Exercise prompt: Copy the listing in full and exactly, omitting its images.

*** Collected material

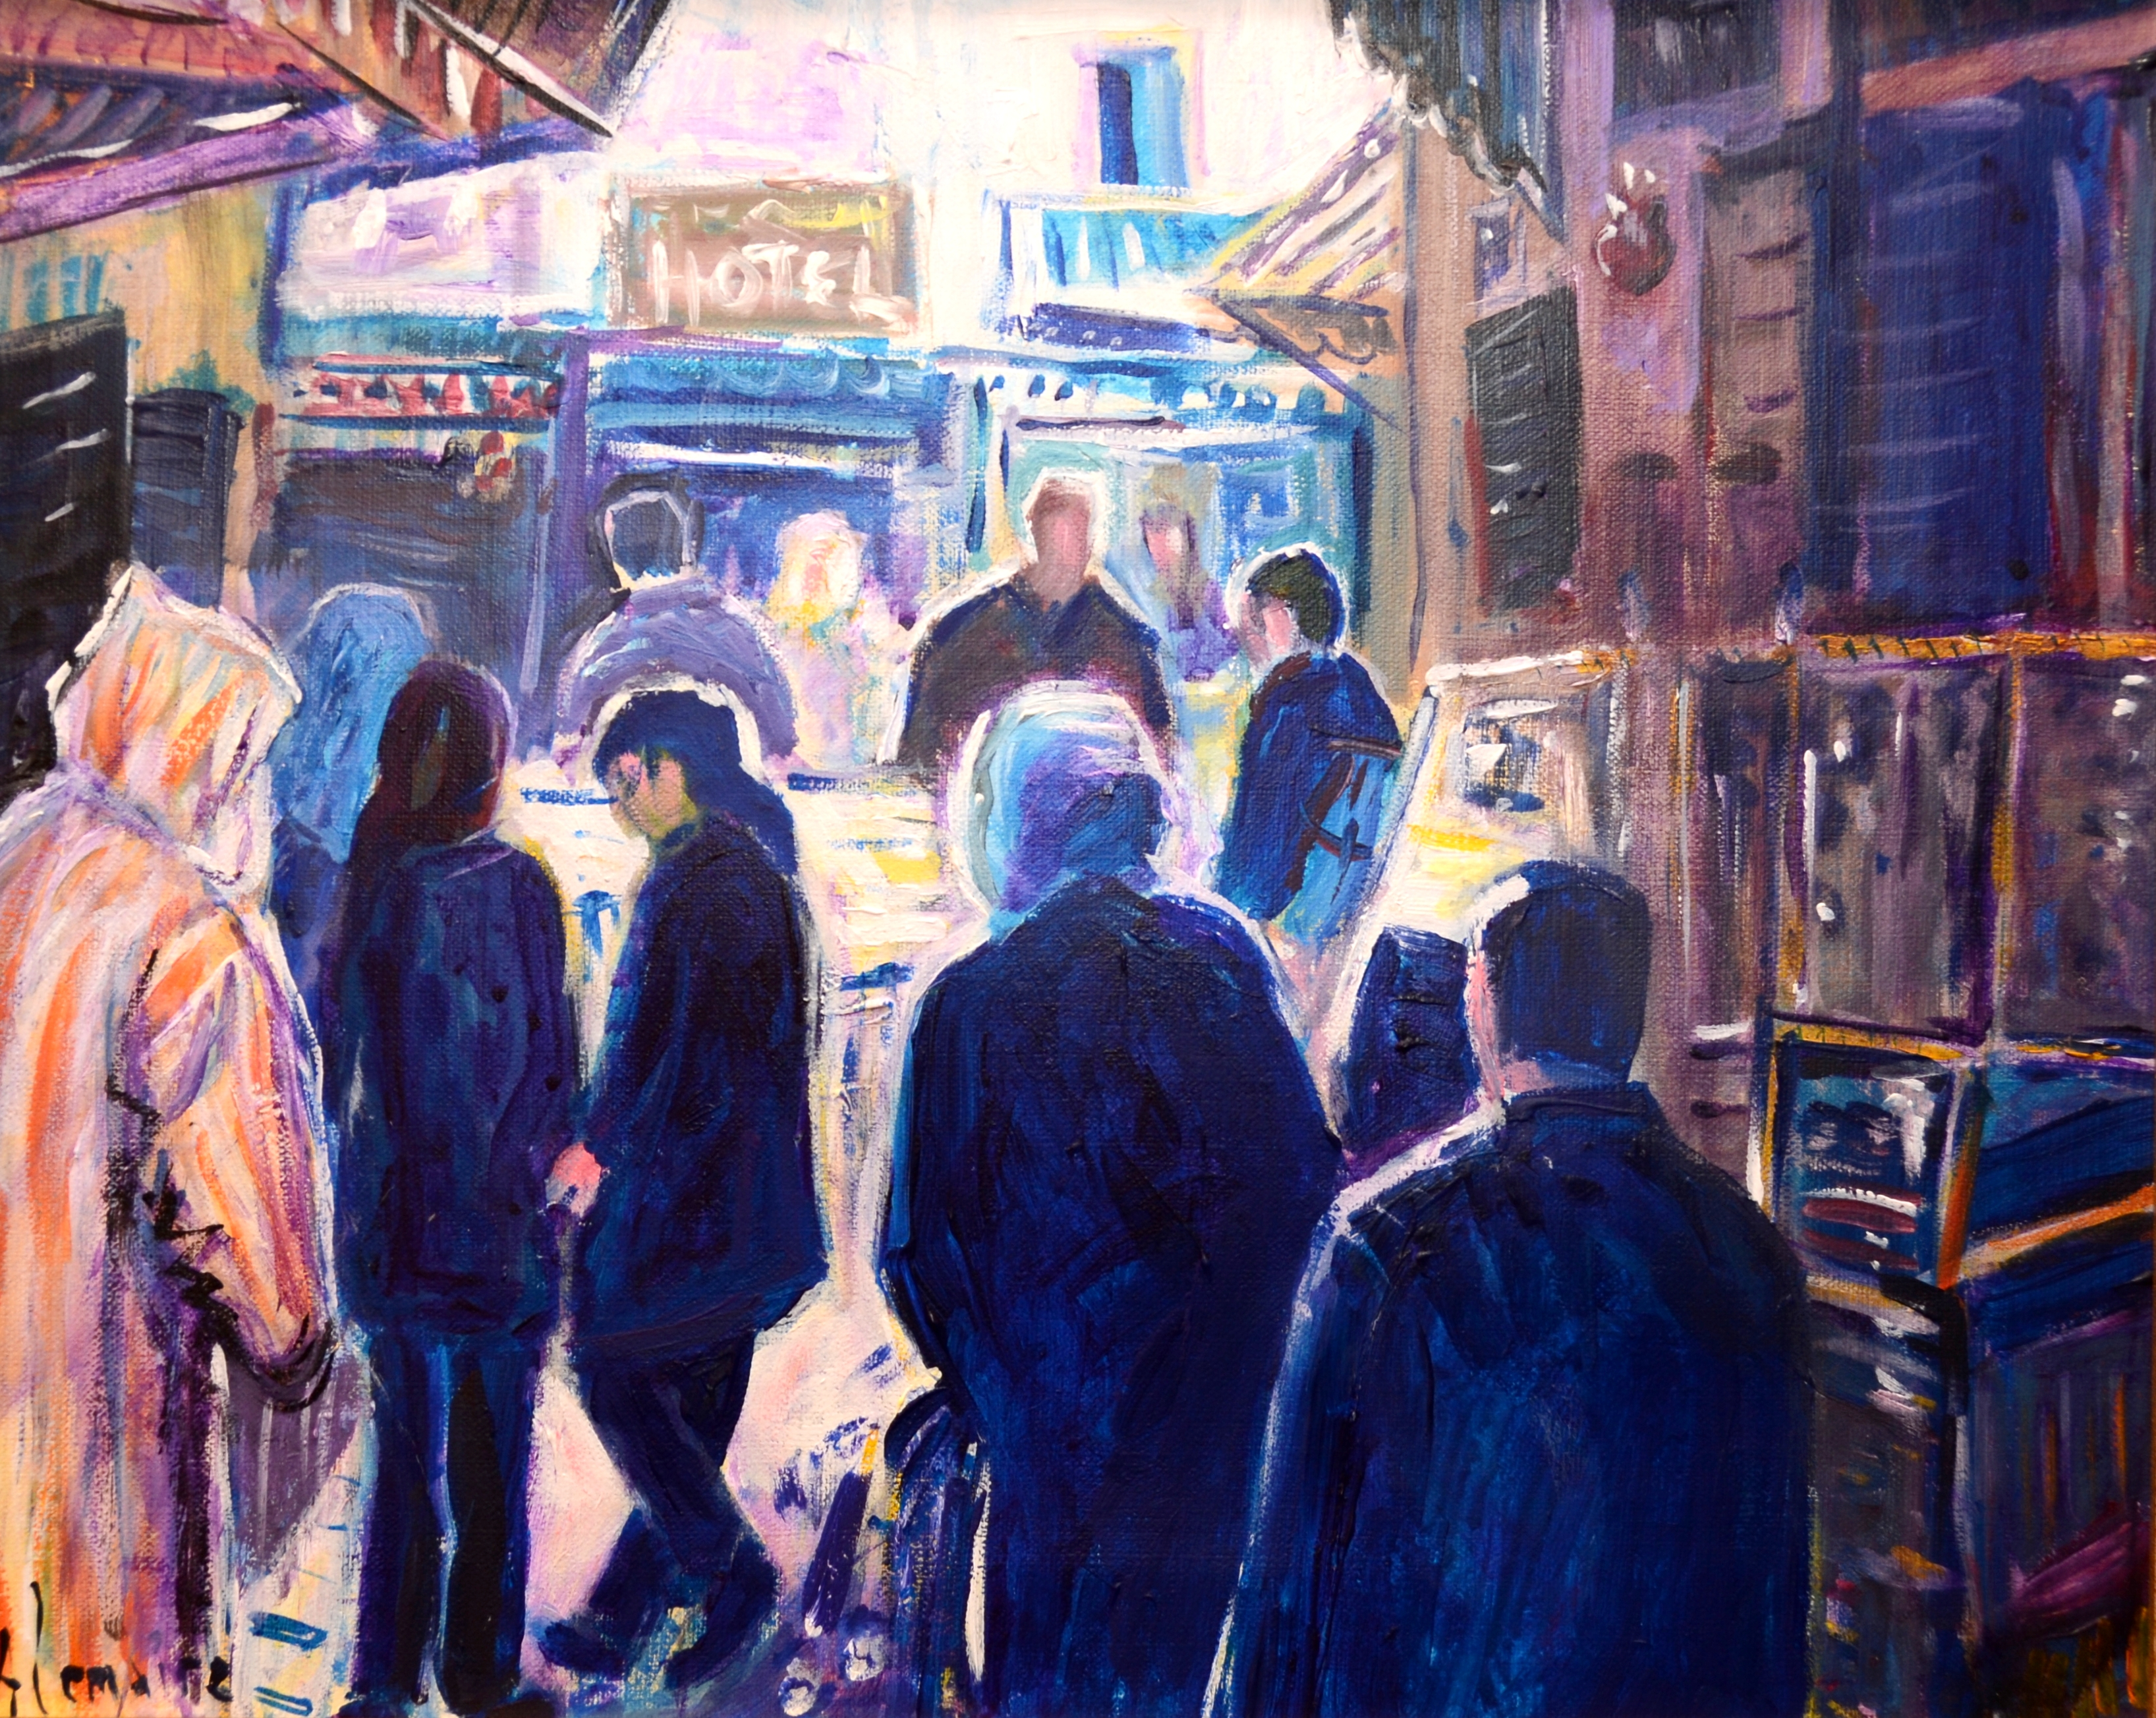 Rue aux boutiques (Fez)
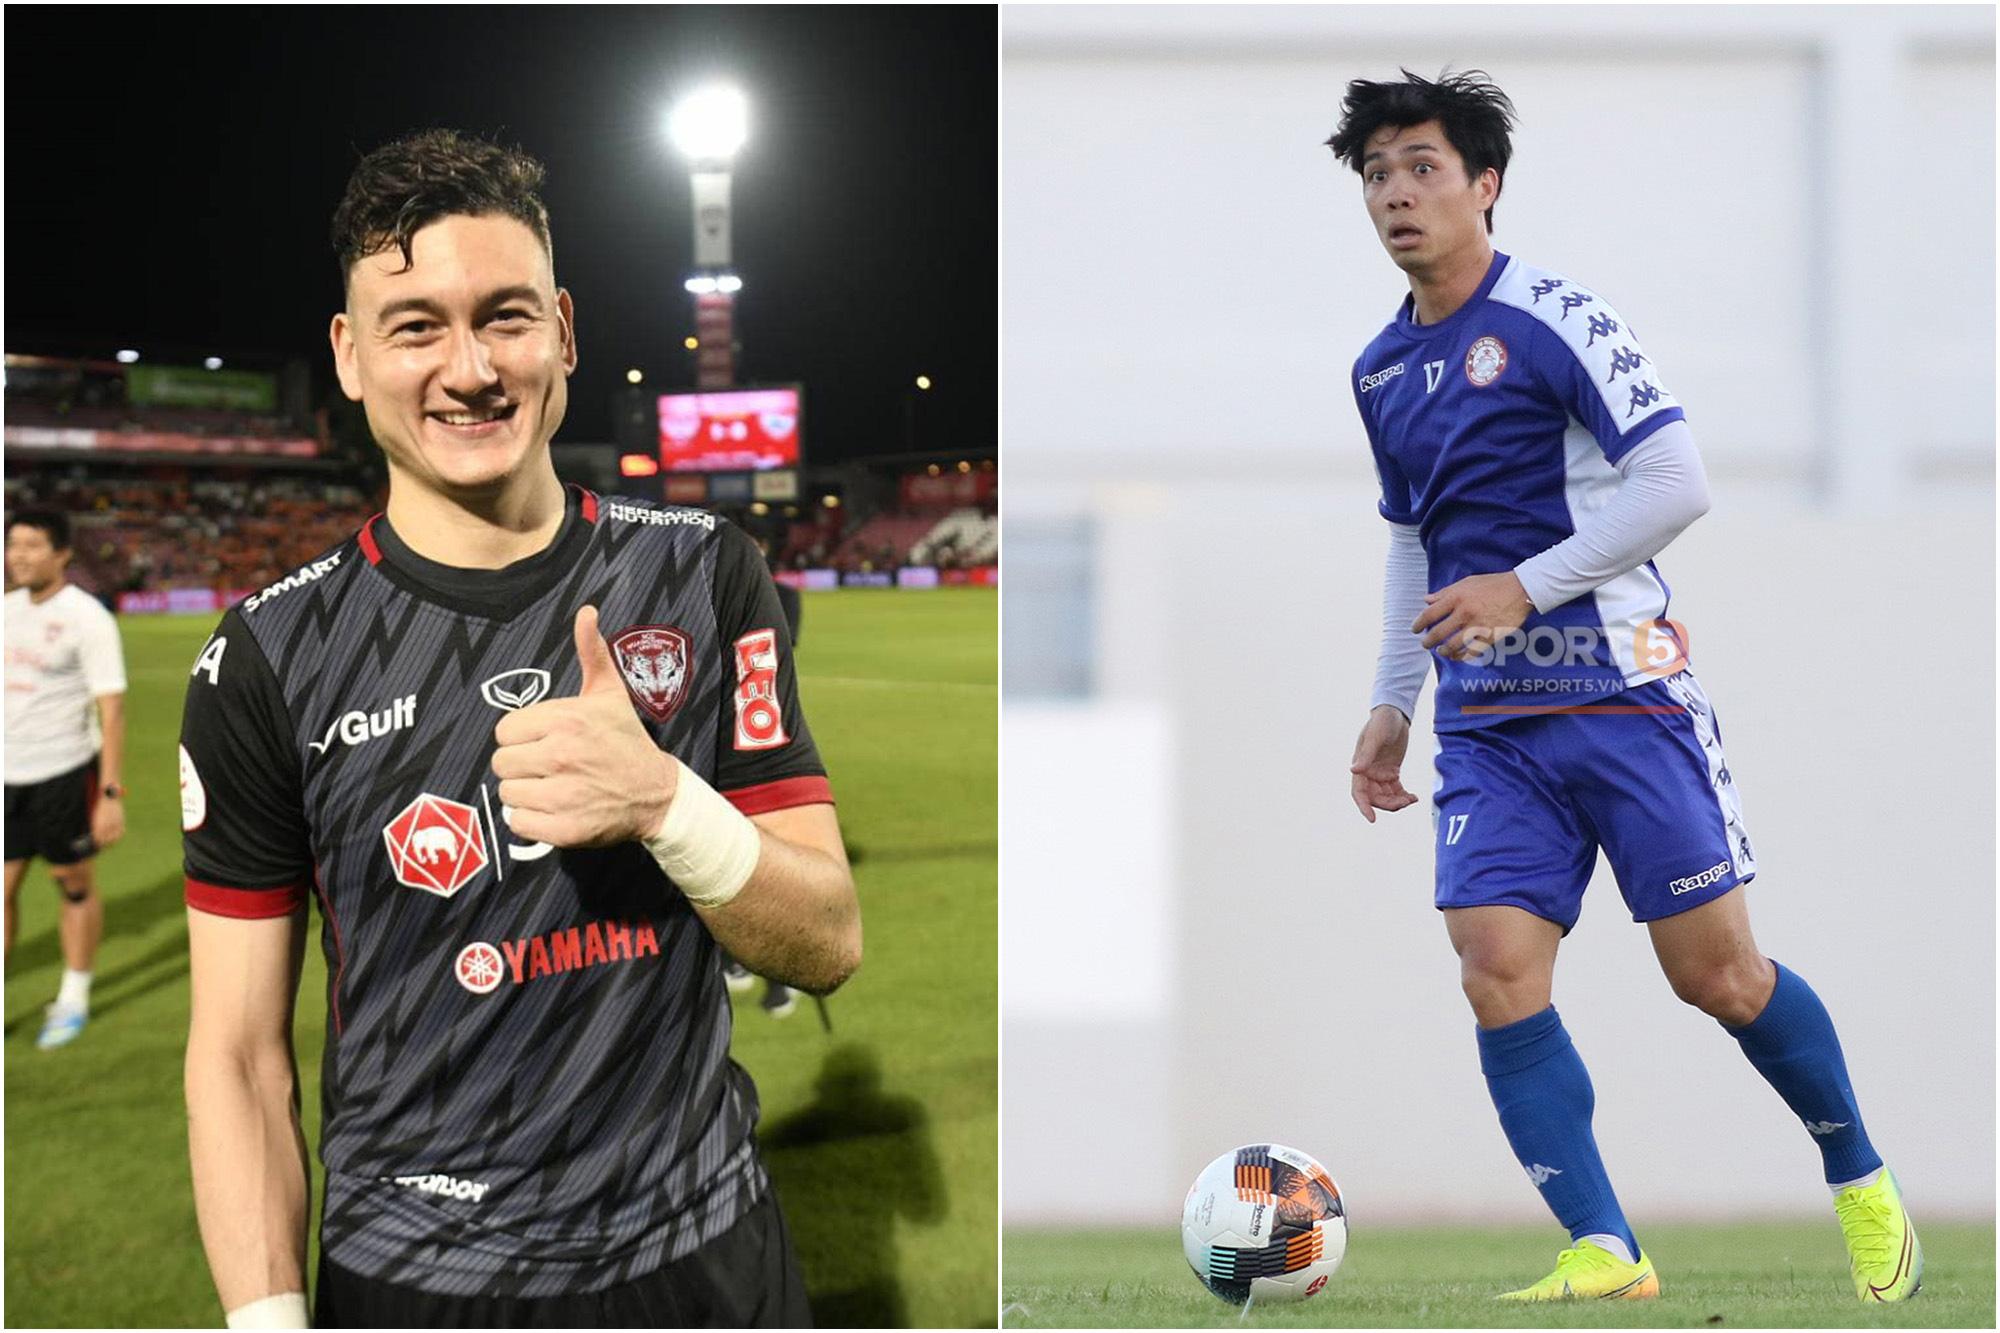 Không phải bầu Đức, bầu Hiển, đây mới là đội bóng V.League khát khao giải cứu Đặng Văn Lâm nhất - Ảnh 2.
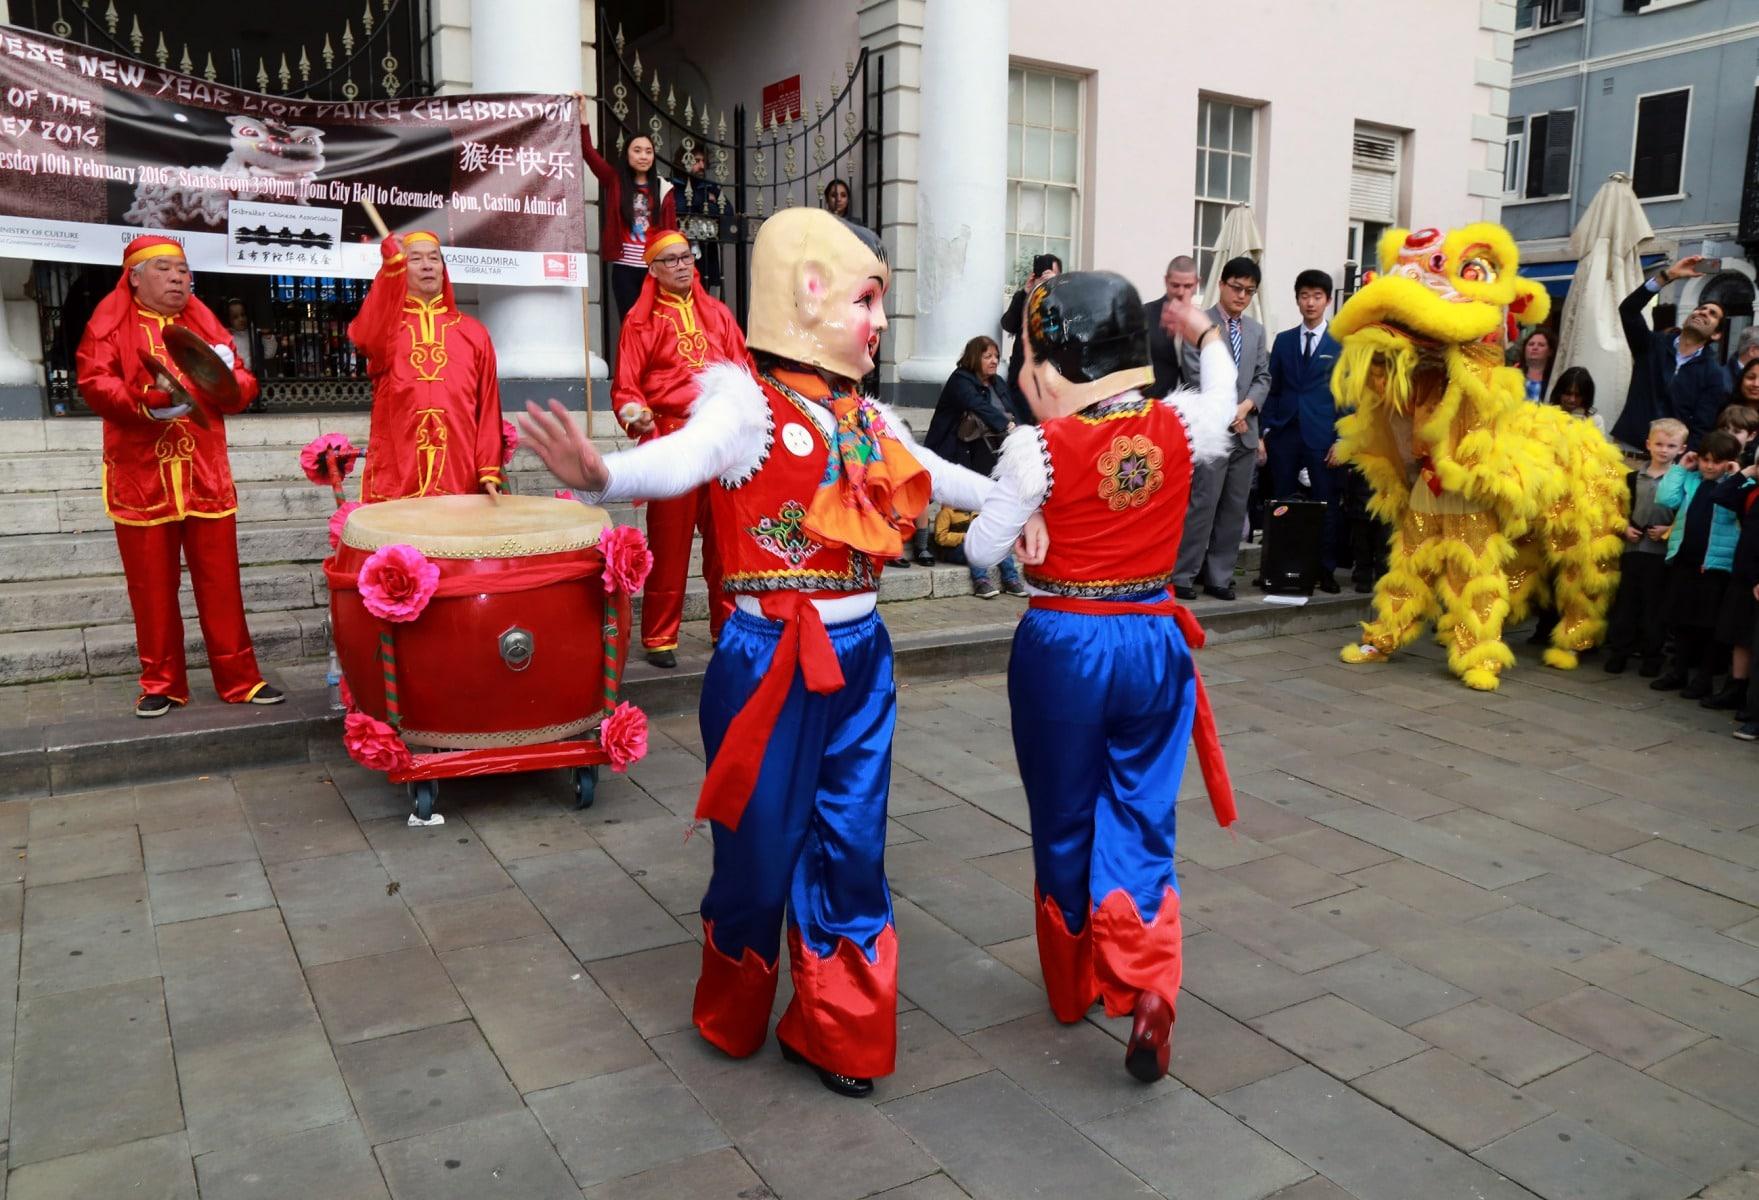 10-feb-2016-celebracin-en-gibraltar-del-ao-nuevo-chino-12_24573482099_o

******

Exercise solution:
 Rue aux boutiques (Fez)
 Không phải bầu Đức, bầu Hiển, đây mới là đội bóng V.League khát khao giải cứu Đặng Văn Lâm nhất - Ảnh 2.
 10-feb-2016-celebracin-en-gibraltar-del-ao-nuevo-chino-12_24573482099_o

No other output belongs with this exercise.